DATA BELOW |
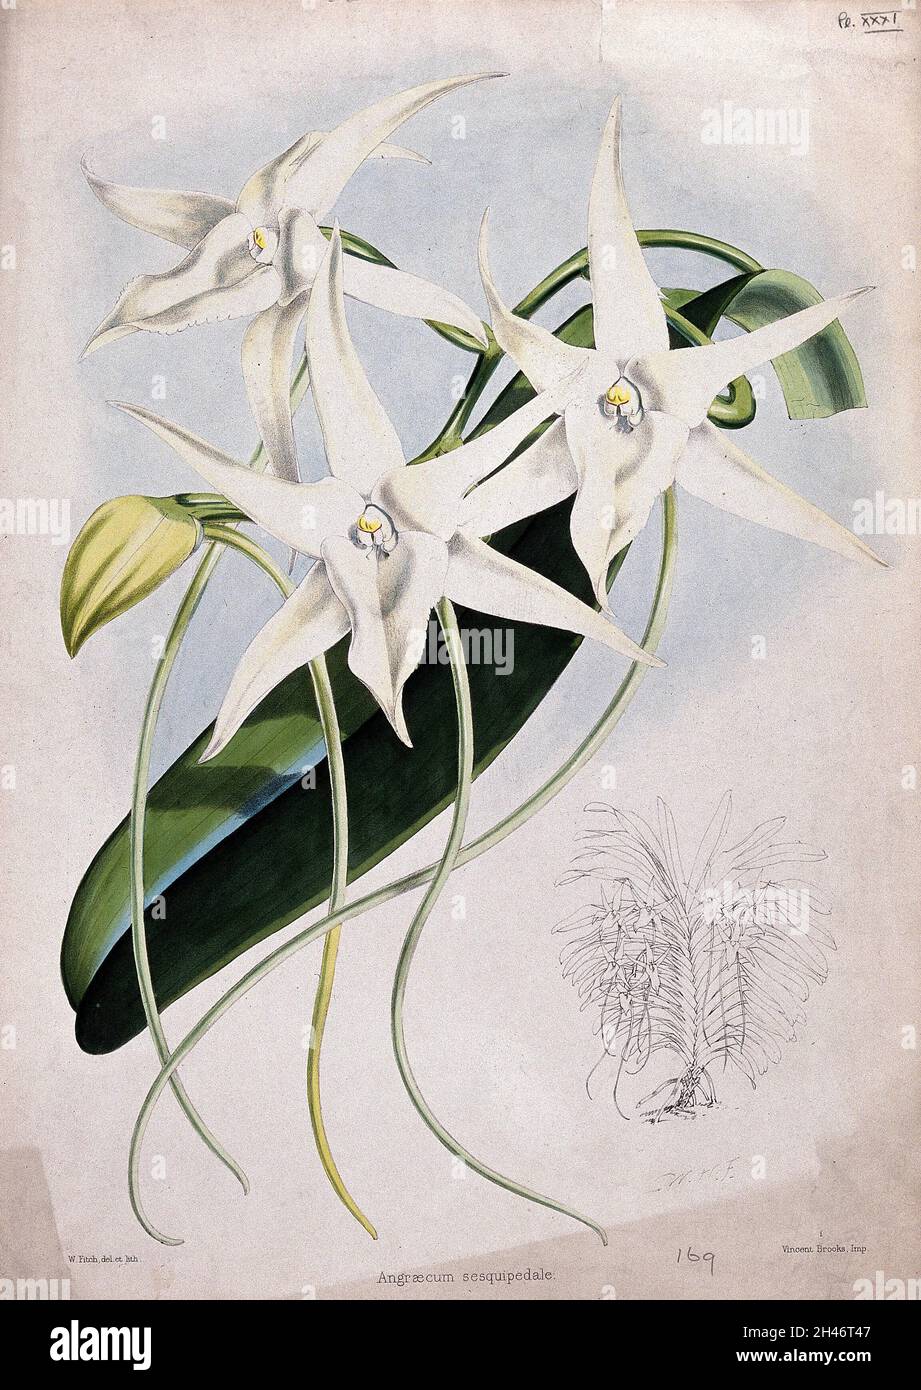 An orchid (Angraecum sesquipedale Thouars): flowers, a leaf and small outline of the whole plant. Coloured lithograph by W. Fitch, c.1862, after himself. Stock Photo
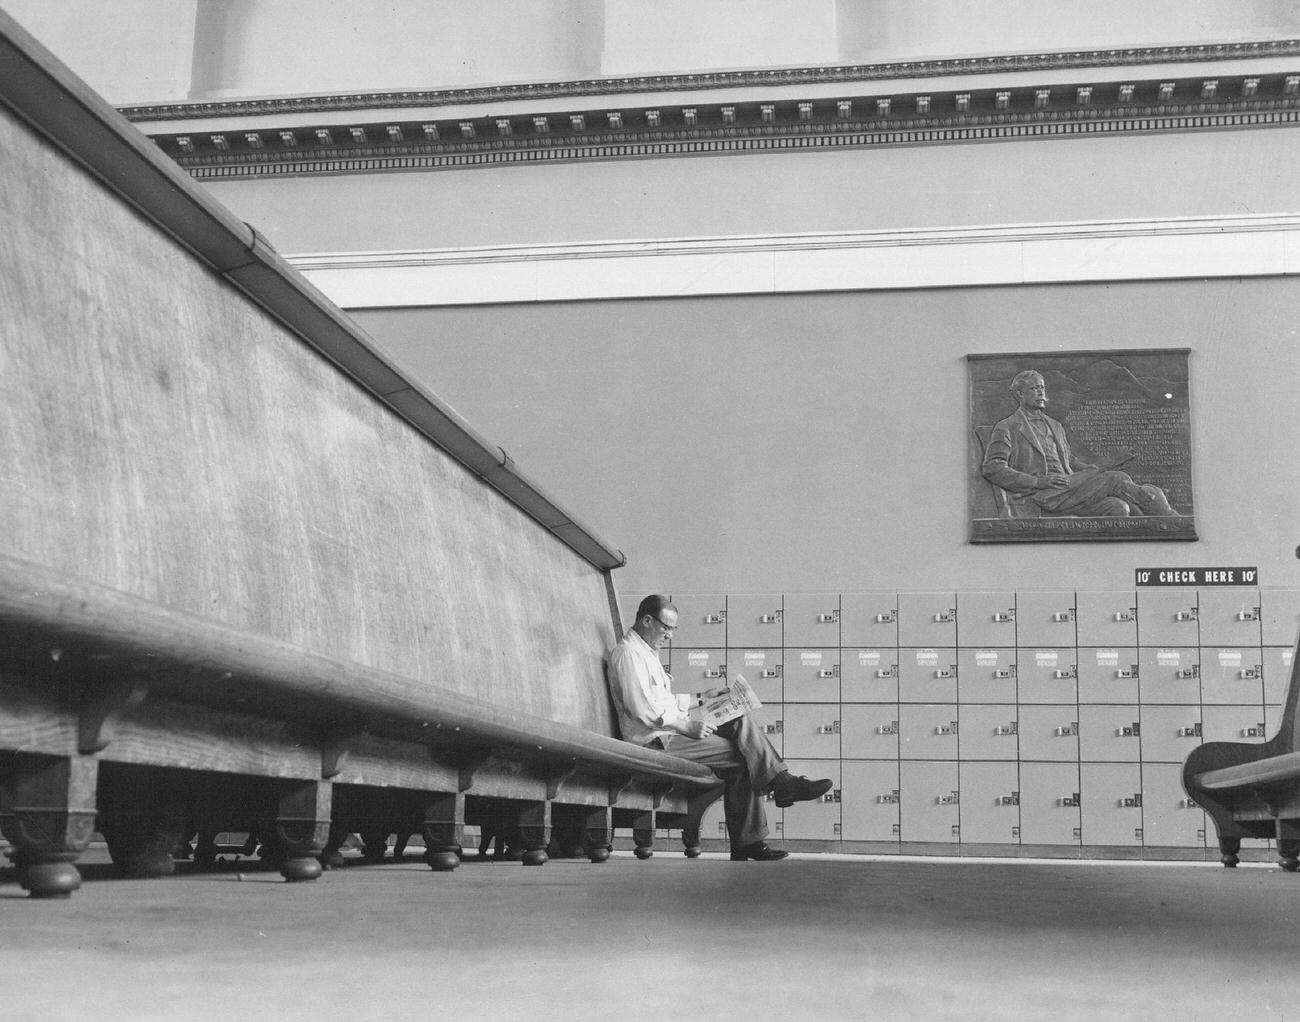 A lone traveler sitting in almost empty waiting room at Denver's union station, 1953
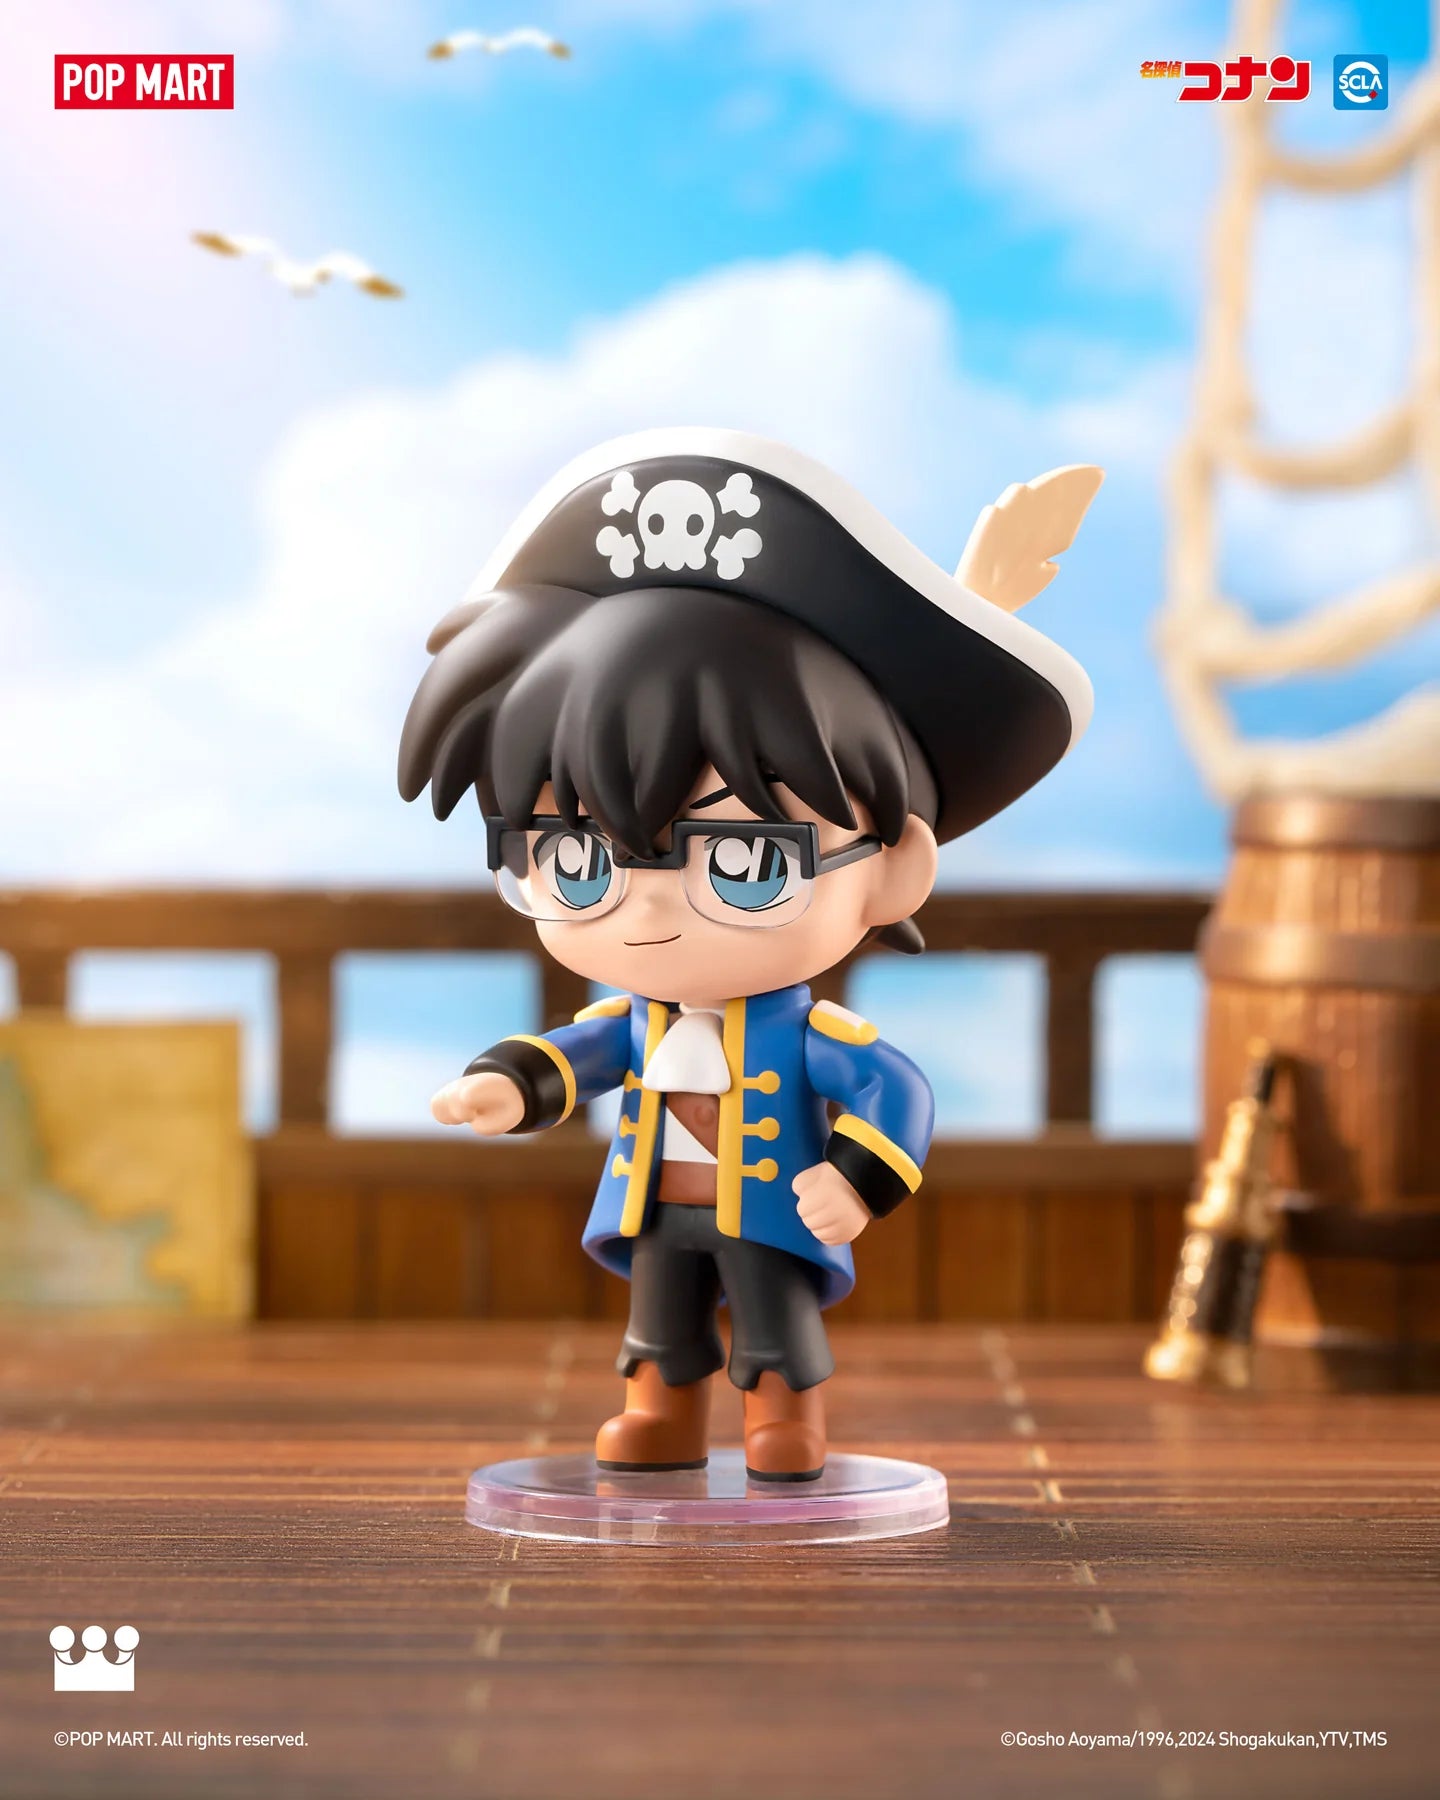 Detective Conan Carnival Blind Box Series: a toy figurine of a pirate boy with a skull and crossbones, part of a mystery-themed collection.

INSTRUCTIONS TO FOLLOW |
For this exercise, write the listing out again exactly, excluding all images.

RESPONSE AREA |
 An orchid (Angraecum sesquipedale Thouars): flowers, a leaf and small outline of the whole plant. Coloured lithograph by W. Fitch, c.1862, after himself. Stock Photo
 A lone traveler sitting in almost empty waiting room at Denver's union station, 1953
 Detective Conan Carnival Blind Box Series: a toy figurine of a pirate boy with a skull and crossbones, part of a mystery-themed collection.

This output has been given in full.